Building a Dual-Model Forecast Engine: DL vs. Statistical

We run two independent model families — deep learning and statistical — then ensemble them. Here's why, and what we learned building both.

The Problem with a Single Model

The first version of OptiHedge ran a single LSTM network on daily OHLCV data. It achieved reasonable directional accuracy on backtests. But in live deployment we noticed a consistent weakness: the model was excellent on trending stocks and poor on mean-reverting ones. The same architecture that learned momentum patterns in NVDA was systematically wrong about JNJ.

This is a well-known limitation of deep learning models applied to financial time series. Neural networks are universal function approximators — they fit the training distribution extremely well. The problem is that stock market regimes change. A momentum regime and a mean-reversion regime look completely different in the data, and a single model trained across both tends to average them poorly.
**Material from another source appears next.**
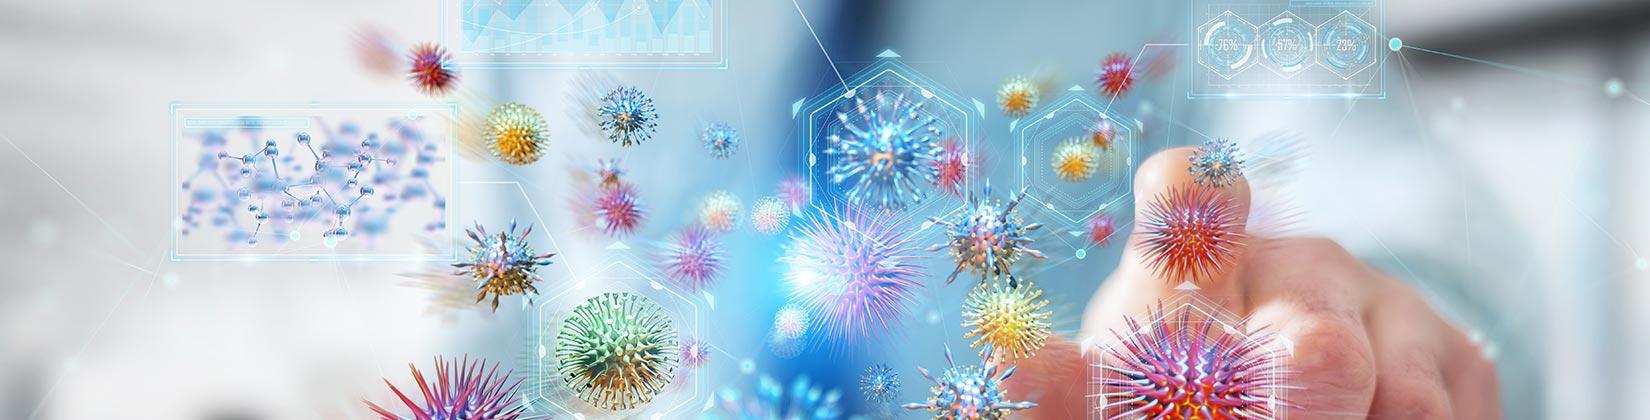 Ανδρολογικό εργαστήριο Ζεγκινιάδου αερόβιοι μικροοργανισμοί

Why We Added a Statistical Model

Classical statistical models for time series — ARIMA variants, GARCH for volatility, exponential smoothing — have a property that neural networks lack: they are interpretable and explicitly encode assumptions about how the series behaves. An ARIMA model assumes stationarity and linear structure. A GARCH model explicitly models volatility clustering.

These assumptions are wrong for many stocks most of the time. But they are right for some stocks some of the time — particularly in low-volatility, slow-moving, large-cap names that exhibit relatively stable autocorrelation patterns over short horizons.

Our hypothesis was that a statistical model family would be complementary to our deep learning family — getting the cases right that the LSTM model gets wrong, and vice versa. The ensemble of the two would be more stable than either alone.

How the Deep Learning Family Works

Our primary deep learning model is a stacked LSTM with attention. It takes a rolling 60-day window of daily features as input: open, high, low, close, adjusted close, volume, and several derived features including RSI, MACD signal line, Bollinger Band position, and a market-relative return (stock return minus SPY return on the same day).

The output is a probability distribution over the next day's return, from which we derive the predicted direction, magnitude estimate, and confidence score. The model is retrained quarterly on the most recent 5 years of data for each stock, and fine-tuned weekly on the most recent 90 days.

We use dropout at training time for regularisation, and we apply Monte Carlo dropout at inference time — running 50 forward passes with dropout active and averaging the outputs — to generate a calibrated uncertainty estimate rather than a single point prediction. This uncertainty estimate feeds directly into the forecast band width and the confidence score you see on the platform.

How the Statistical Family Works

The statistical family runs in parallel on the same input data but uses a fundamentally different approach. For each stock, we fit an ARIMA(p,d,q) model using auto-selection of the order parameters via the AIC criterion. We pair this with an EGARCH volatility model to get a conditional variance estimate for the forecast horizon.

The statistical model outputs a point forecast and a prediction interval based on the fitted distribution. Where the deep learning model learns complex non-linear patterns from a high-dimensional feature set, the statistical model assumes a simpler linear structure in the return series and uses a principled probabilistic framework to generate its confidence interval.

The Ensemble Mechanism

We combine the two model families using a weighted average. The weights are not fixed — they are dynamically adjusted based on each model's recent accuracy on the specific stock being forecast. A model that has been performing well on a stock over the last 30 days gets a higher weight.

Concretely, we track the 30-day rolling Met/Beat rate for each model family on each stock separately. The weight assigned to each model is proportional to its recent Met/Beat rate, with a floor of 0.2 to ensure neither model is completely discarded.

The final forecast direction is the weighted average of the two directional predictions. The final band is computed from the weighted combination of the two uncertainty estimates. The confidence score is derived from the agreement between the two models: when both models predict the same direction with high individual confidence, the ensemble confidence is high. When they disagree, confidence is low — even if each model is individually confident.

What We Learned

The most important finding from building this dual-model architecture is that model disagreement is itself a signal. When our deep learning and statistical models disagree on a stock, the Met/Beat rate on that stock drops significantly — regardless of which model turns out to be right. A disagreement means the stock's near-term behavior is genuinely uncertain, and the ensemble confidence score correctly reflects that.

The stocks where both models consistently agree are the highest-confidence, highest-accuracy stocks on the platform. You can identify these on the dashboard: they are the stocks in our Bullseye picks and Hall of Fame, where sustained high accuracy reflects sustained model agreement over many trading days.

We are continuing to add new model families to the ensemble. A transformer-based architecture trained on tick data is currently in internal testing. As we add more models, the ensemble becomes more robust — any single model's failure mode is increasingly unlikely to be shared by all other models simultaneously.

OptiHedge forecasts are for informational purposes only and do not constitute financial advice. Past model performance does not guarantee future results.